Stanford CS547 HCI Seminar | Winter 2026 | Does GenAI Work in Education?

| Podcasts | February 13, 2026 | 5.39 Thousand views | 56:54

TL;DR

This seminar argues that GenAI's effectiveness in education hinges on 'knowledge engineering'—the systematic mapping of expert cognitive processes—to ensure high-fidelity, personalized feedback. A randomized trial demonstrates that TAs using AI suggestions based on detailed reasoning rubrics produced significantly better student learning outcomes than human-only feedback.

📊 The Mixed Reality of GenAI in Education 2 insights

Widespread adoption meets uncertain outcomes

While 70-85% of college students use GenAI for homework and hundreds of EdTech startups have emerged, studies show AI use can reduce learning retention when removed and decrease brain activity during writing tasks.

Variable quality in AI tutoring

Research indicates 30-50% of AI-generated tutoring hints contain quality issues, though carefully designed systems have outperformed active learning in college physics and improved K-12 math tutoring when providing real-time suggestions.

🧠 Knowledge Engineering & Cognitive Fidelity 2 insights

Solving Bloom's Two Sigma Challenge

Cognitive tutors from the 1990s achieved two standard deviation gains over conventional instruction by encoding expert production rules, demonstrating that AI must model human reasoning processes rather than just generate answers.

Granular decomposition enables precision

Breaking skills into specific steps and anticipating precise misconceptions—such as distinguishing between common and least common denominators—allows AI to provide targeted feedback and deliberate practice instead of generic hints.

📝 Case Study: Feedback Writer Trial 2 insights

Significant improvement in writing quality

In a randomized trial of 360 Econ 101 students, AI-mediated feedback produced revised essays with an effect size of 0.5, equivalent to moving a student from the 50th to 70th percentile compared to human-only feedback.

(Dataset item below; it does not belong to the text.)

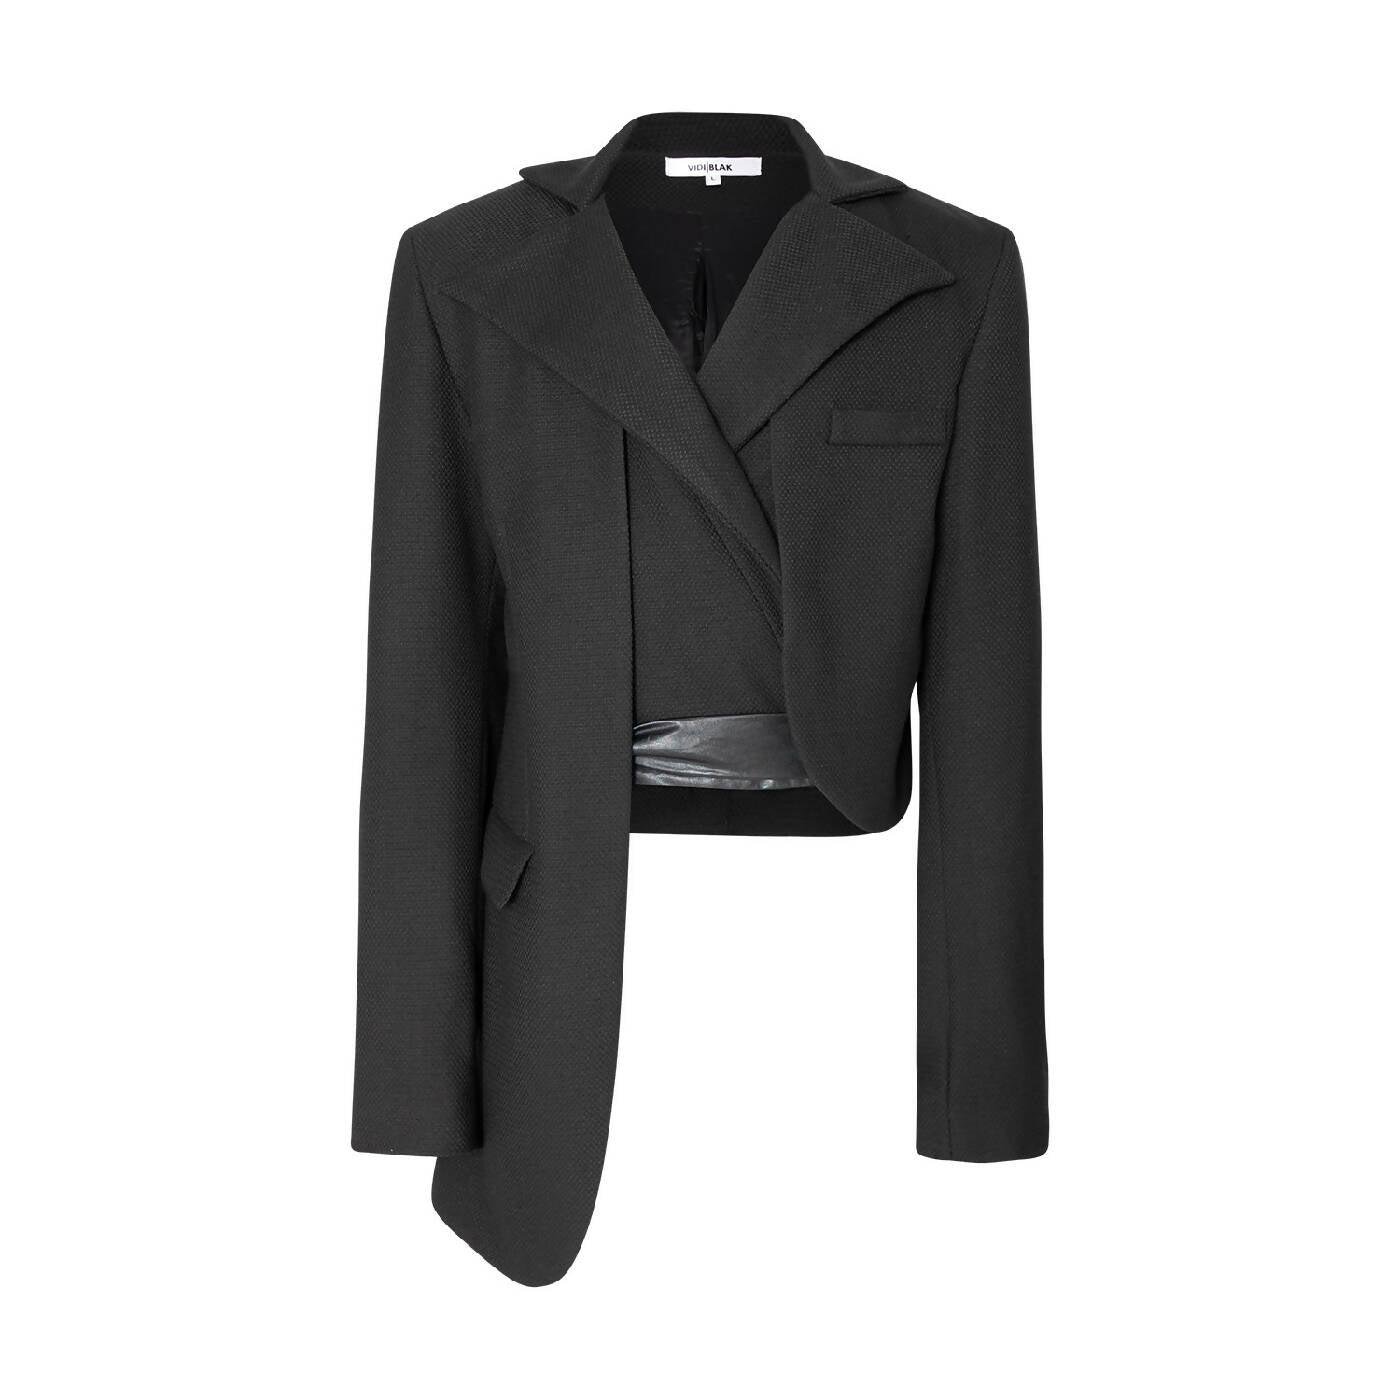 Asymmetric Tailored Jacket With Front Wrap Waistcoat In Black Wool by VIDI BLAK

High-fidelity rubrics drive success

The system used checklists representing expert reasoning steps—such as identifying specific decision-makers harmed by externalities—to generate concrete hints without revealing answers, with AI judges assessing quality at 85% expert accuracy.

Bottom Line

To make GenAI work in education, developers must engineer detailed cognitive models that externalize expert reasoning into high-fidelity rubrics, enabling targeted feedback on learning processes rather than just evaluating final outputs.